Java thread synchronization mechanism

Source: Internet
Author: User

We can run various computer software programs on computers. Each running program may contain multiple independent threads ).
A thread is a program that runs independently and has its own dedicated running stack. Threads may share resources with other threads, such as memory, files, and databases.
Conflicts may occur when multiple threads read and write the same shared resource at the same time. At this time, we need to introduce the thread "synchronization" mechanism, that is, there must be a first-in-one between all threads, and we cannot rush together for a group.
Synchronization is translated from synchronize. I don't know why I should use this word that is easy to misunderstand. Since we all use this, we have to do that.
The real meaning of thread synchronization is the opposite to that of the word surface. The real meaning of thread synchronization is actually "Queuing": Several threads need to queue up to operate the shared resources one by one, rather than simultaneously.
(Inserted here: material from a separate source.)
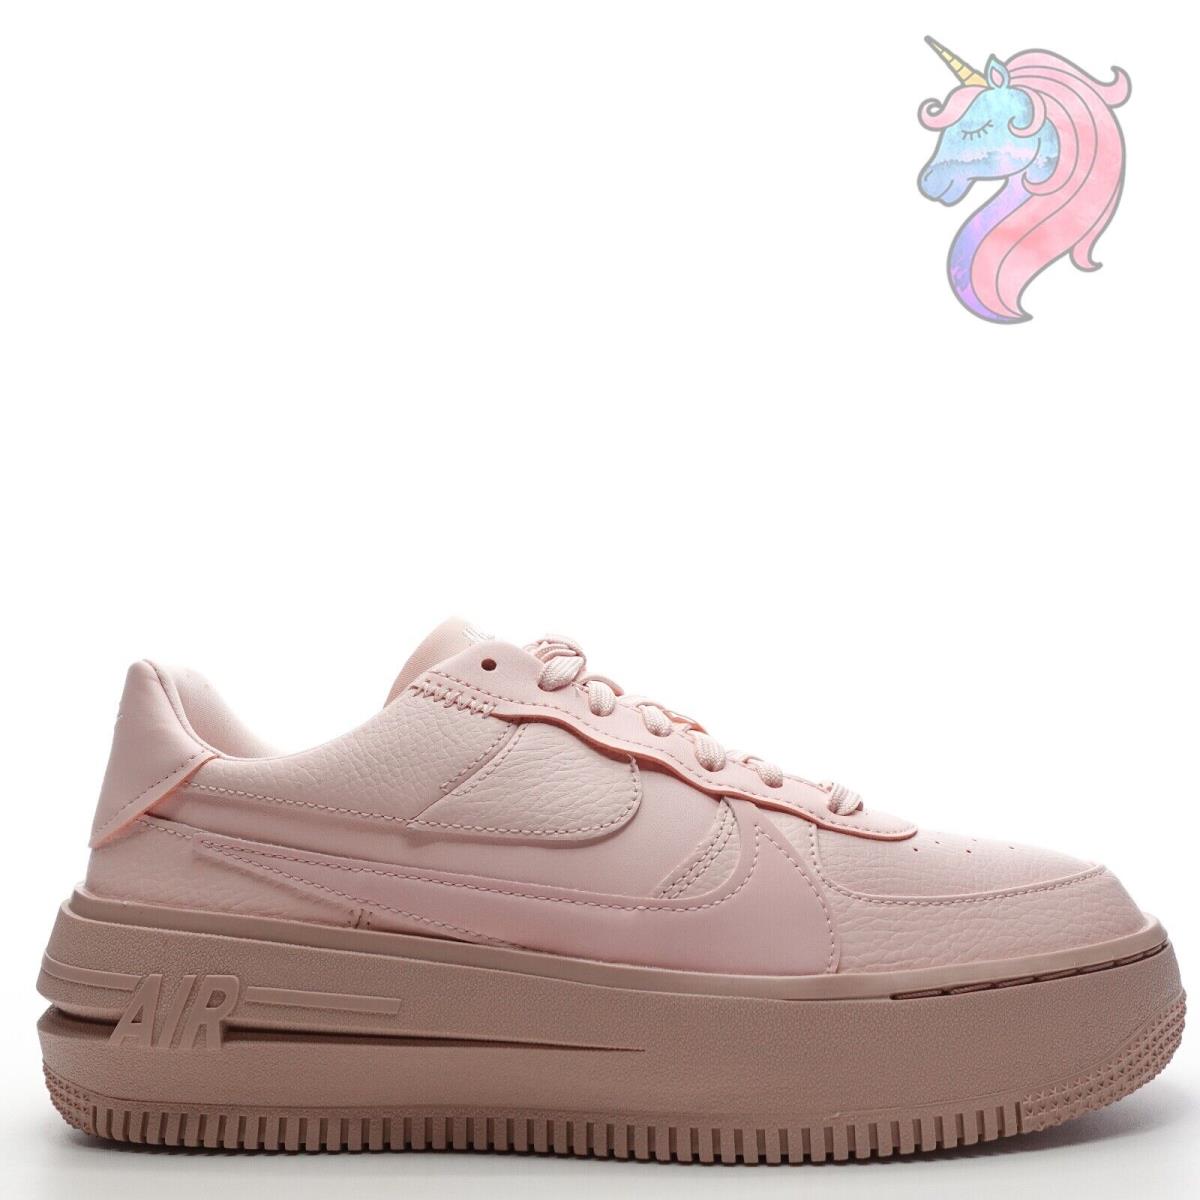 Womens Nike Air Force 1 Size 10.5 Platform Shoes Pink Oxford DJ9946-600

Therefore, the first thing to remember about thread synchronization is that thread synchronization is thread queuing. Synchronization means queuing. The purpose of thread synchronization is to avoid "synchronous" thread execution. This is really a boring tongue twister.
The second point to keep in mind about thread synchronization is the word "sharing. Only read/write access to shared resources needs to be synchronized. If resources are not shared, there is no need for synchronization.
The third point that needs to be kept in mind for thread synchronization is that only "variables" require synchronous access. If the shared resources are fixed and unchanged, it is equivalent to a "constant", and the thread does not need to synchronize the read constants at the same time. At least one thread modifies shared resources. In this case, synchronization is required between threads.
The fourth point to keep in mind about thread synchronization is that the Code accessed by multiple threads to share resources may be the same code or different code; whether or not the same code is executed, as long as the code of these threads accesses the same variable shared resource, these threads need to be synchronized.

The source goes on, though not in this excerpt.